NA The LU Method

Section 4.2 The LU Method

The idea behind the LU method is that, while the determinant of a large general matrix cannot be evaluated, there are kind of matrices for which, on the contrary, this calculation is not a problem.

Subsection 4.2.1 Upper and lower triangular matrices

Consider, for instance, the case of diagonal matrices.

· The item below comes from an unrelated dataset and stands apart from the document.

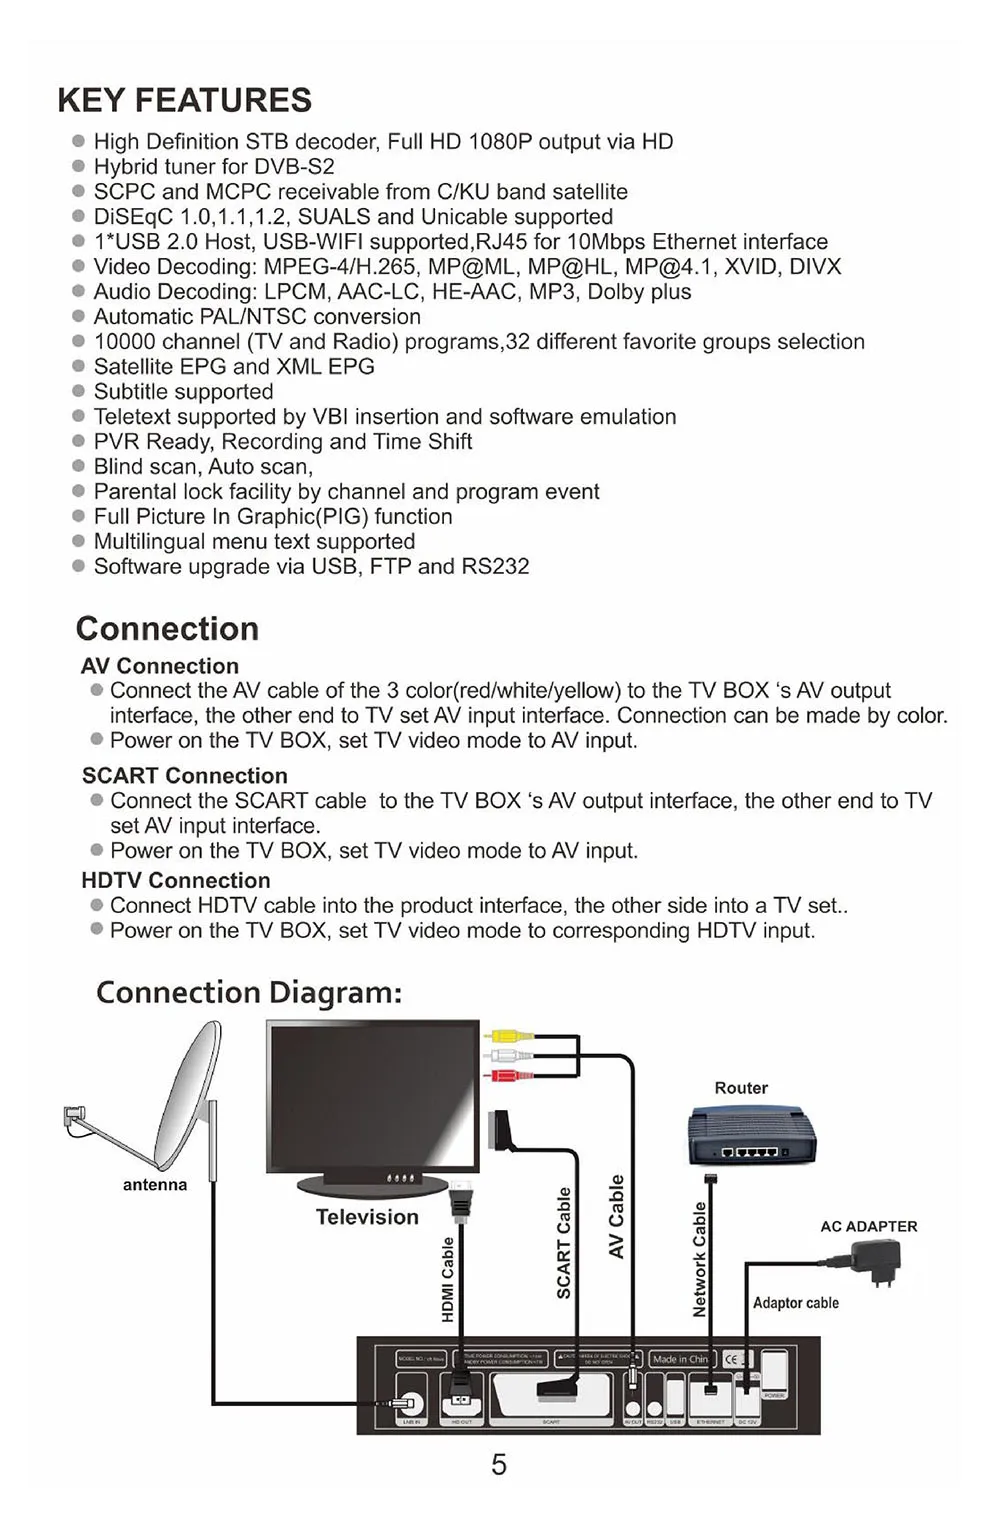 Европа 2 года Cccam GTMedia DVB S2 V8 Nova спутниковый приемник ТВ BOX Поддержка H.265, AC3, YouTube, Bisskey, IPTV Set-top BOX

For instance, in dimension-3, a diagonal matrix writes as

\begin{equation*} A=\begin{pmatrix}\alpha&0&0\cr 0&\beta&0\cr 0&0&\gamma\cr\end{pmatrix}. \end{equation*}

Clearly then

\begin{equation*} A\begin{pmatrix}1\cr0\cr0\cr\end{pmatrix} = \begin{pmatrix}\alpha\cr0\cr0\cr\end{pmatrix} ,\; A\begin{pmatrix}0\cr1\cr0\cr\end{pmatrix} = \begin{pmatrix}0\cr\beta\cr0\cr\end{pmatrix} ,\; A\begin{pmatrix}0\cr0\cr1\cr\end{pmatrix} = \begin{pmatrix}0\cr0\cr\gamma\cr\end{pmatrix}, \end{equation*}

namely the image of the unit cube is a parallelepiped of sides \(\alpha,\beta,\gamma\text{.}\) Hence, \(\det A=\alpha\beta\gamma\text{.}\) More generally, the determinant of any diagonal matrix is just the product of all its diagonal terms.

Simple geometric considerations show that the same result is true provided that a matrix has only zeros either above or below the diagonal. The first are called lower triangular matrices, the latter upper triangular matrices.

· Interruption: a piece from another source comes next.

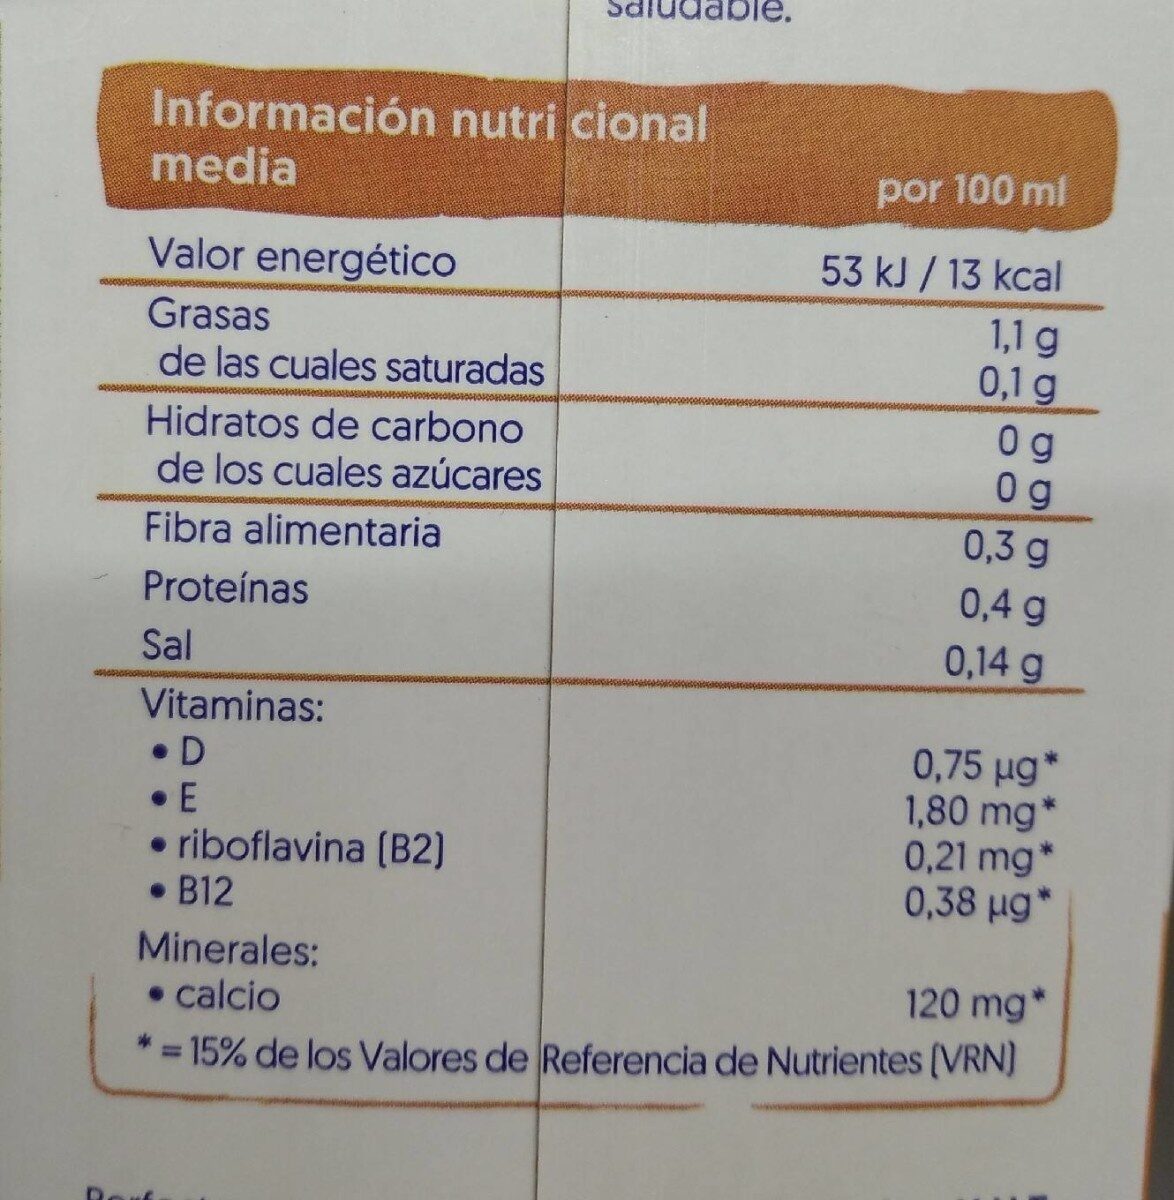 Almendras son azúcar - Nutrition facts - es

For instance, the determinant of the upper triangular matrix

\begin{equation*} \begin{pmatrix} 3&2&-1\cr 0&-1&7\cr 0&0&13\cr \end{pmatrix} \end{equation*}

is \(-39\text{:}\)

It makes sense therefore that it would be very convenient to write a matrix \(A\) as a product of a lower and an upper triangular matrices in order to solve the equation \(Av=b\text{.}\)

It turns out that this is possible. In fact, this is exactly one of the methods taught in college algebra to solve linear systems: Gaussian elimination!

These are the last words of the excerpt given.